Ce Roi si renommé par sa sagesse, était sur la plus haute estrade, et immédiatement sous le dôme. Il paraissait avoir plus de vie que les autres; et quoiqu'il poussât de temps en temps de profonds soupirs, et tînt la main droite sur le coeur comme ses compagnons, son visage était plus serein; et il semblait être attentif au bruit d'une cataracte d'eau noire, qu'on entrevoyait à travers l'une des portes qui était grillée. Nul autre bruit n'interrompait le silence de ces lieux lugubres. Une rangée de vases d'airain, entourait l'estrade. Ote les couvercles de ces dépôts cabalistiques, dit le Giaour à Vathek; prends les talismans qui briseront toutes ces portes de bronze, et te rendront le maître des trésors qu'elles renferment et des Esprits qui en ont la garde.

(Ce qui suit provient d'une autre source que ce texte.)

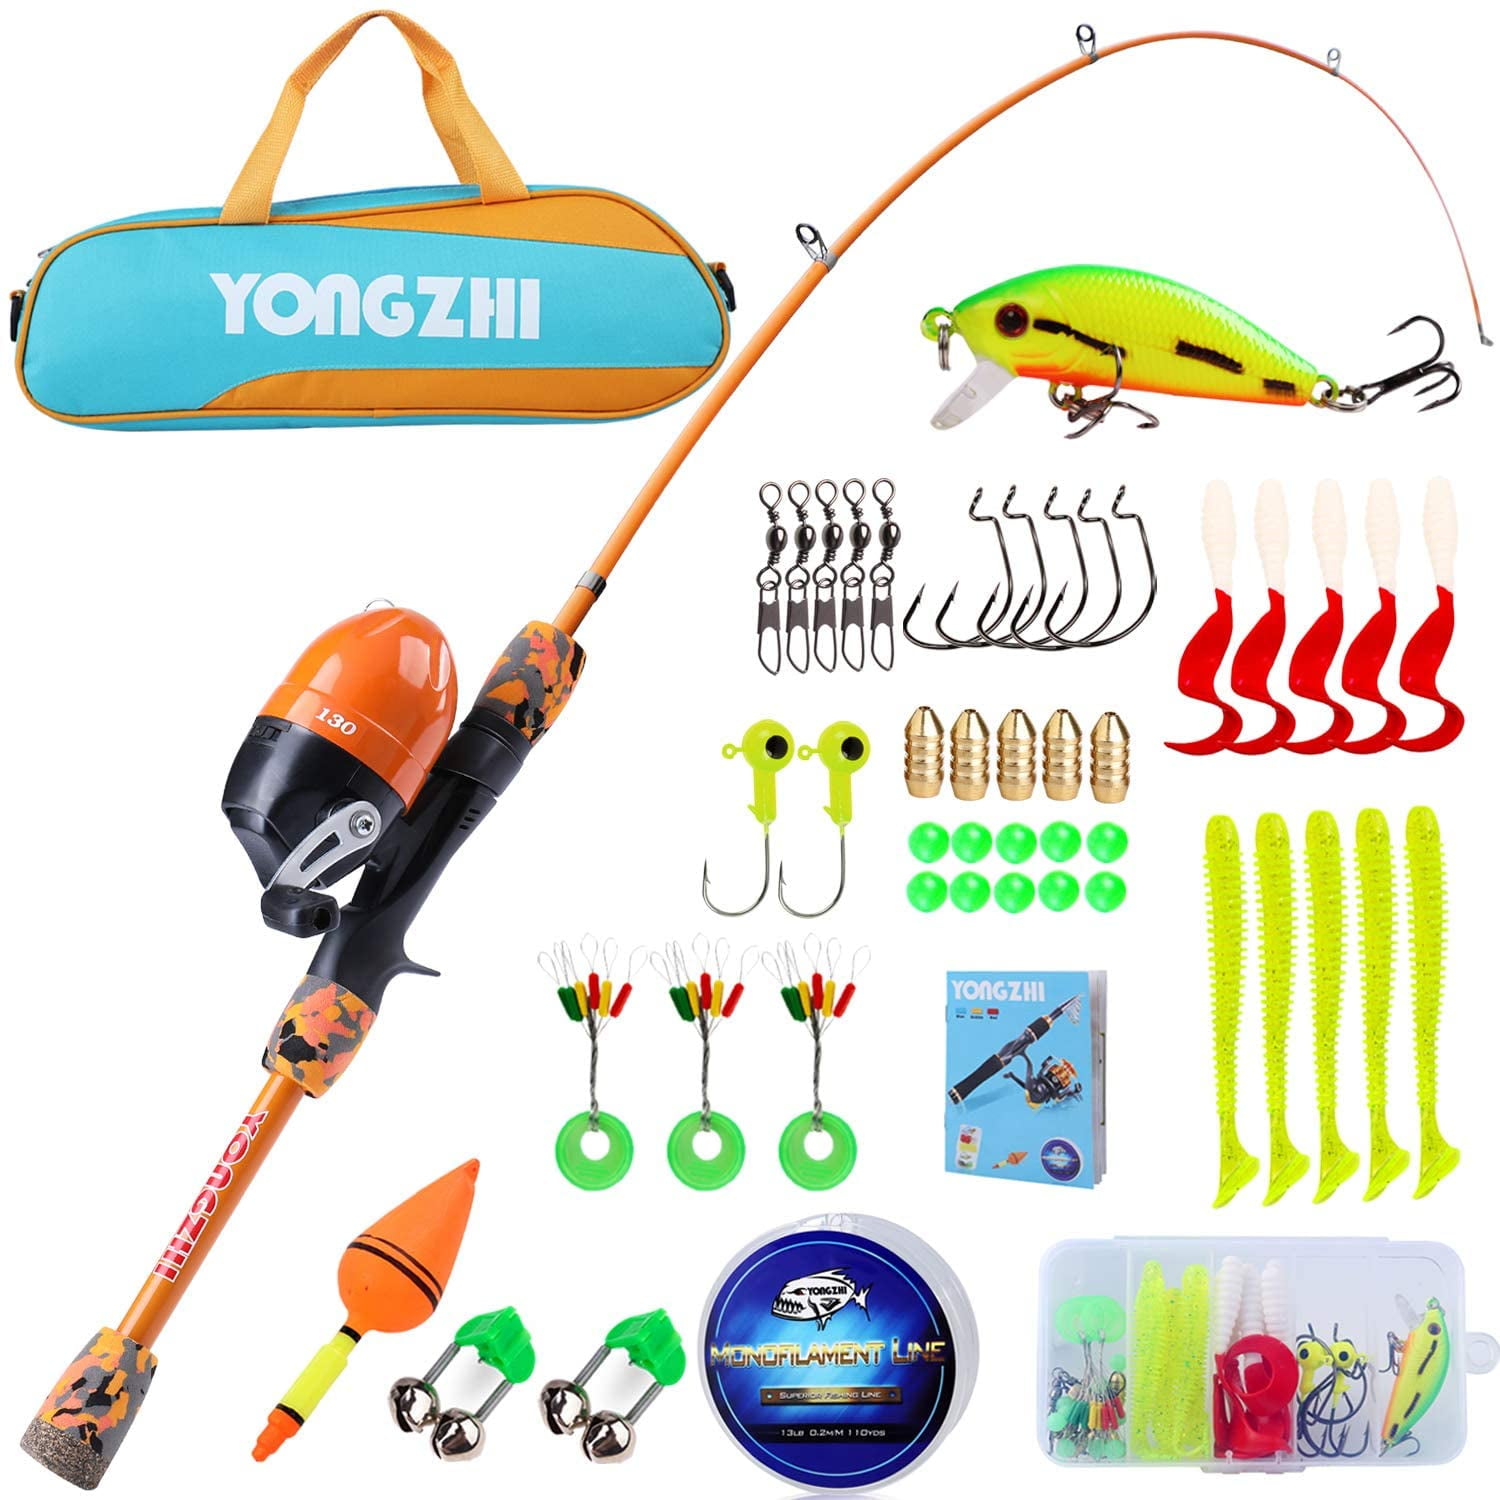 YONGZHI Kids Fishing Pole with Spinning Reels,Telescopic Fishing Rod,Shoulder

Le Calife, que cet appareil sinistre avait entièrement déconcerté, s'approcha des vases en chancelant, et pensa expirer de terreur, quand il entendit les gémissements de Suleïman, que dans son trouble il avait pris pour un cadavre. Alors, une voix sortant de la bouche livide du prophète, articula ces mots: Pendant ma vie, j'occupai un trône magnifique. A ma droite étaient douze mille sièges d'or, où les patriarches et les prophètes écoutaient ma doctrine; à ma gauche, les sages et les docteurs, sur autant de trônes d'argent, assistaient à mes jugements. Tandis que je rendais ainsi justice à des multitudes innombrables, les oiseaux voltigeant sans cesse sur ma tête me servaient de dais contre les ardeurs du soleil. Mon peuple fleurissait; mes palais s'élevaient jusqu'aux nues: je bâtis un temple au Très-Haut, qui fut la merveille de l'univers; mais je me laissai lâchement entraîner par l'amour des femmes, et par une curiosité qui ne se bornait pas aux choses sublunaires. J'écoutai les conseils d'Aherman, et de la fille de Pharaon; j'adorai le feu et les astres; et quittant la ville sacrée, je commandai aux Génies de construire les superbes palais d'Istakhar et la terrasse des phares, dont chacun était dédié à une étoile. Là, pendant un temps, je jouis en plein de la splendeur du trône et des voluptés: non-seulement les hommes, mais encore les Génies m'étaient soumis. Je commençais à croire, ainsi que l'ont fait ces malheureux Monarques qui m'entourent, que la vengeance céleste était assoupie, lorsque la foudre brisa mes édifices et me précipita dans ce lieu. Je n'y suis cependant pas, comme tous ceux qui l'habitent, entièrement dépourvu d'espérance. Un ange de lumière m'a fait savoir, qu'en considération de la piété de mes jeunes ans, mes tourments finiront lorsque cette cataracte (je compte les gouttes) cessera de couler: mais hélas! quand arrivera ce temps si désiré? Je souffre, je souffre, un feu impitoyable dévore mon coeur.

En disant ces mots, Suleïman éleva ses deux mains vers le ciel en signe de supplication, et le Calife vit que son sein était d'un crystal transparent, au travers duquel on découvrait son coeur brûlant dans les flammes. A cette terrible vue, Nouronihar tomba comme pétrifiée dans les bras de Vathek: O Giaour! s'écria ce malheureux prince, dans quel lieu nous as-tu conduits? Laisse-nous en sortir; je te tiens quitte de toutes tes promesses. O Mahomet! n'y a-t-il plus de miséricorde pour nous? Non, il n'y en a plus, répondit le malfaisant Dive; sache que c'est ici le séjour du désespoir et de la vengeance; ton coeur sera embrasé comme celui de tous les adorateurs d'Eblis; peu de jours te sont donnés avant ce terme fatal, emploie-les comme tu voudras; couche sur des monceaux d'or, commande aux puissances infernales; parcours tous ces immenses souterrains à ton gré, aucune porte ne te sera fermée; quant à moi j'ai rempli ma mission, et je te laisse à toi-même. En disant ces mots, il disparut.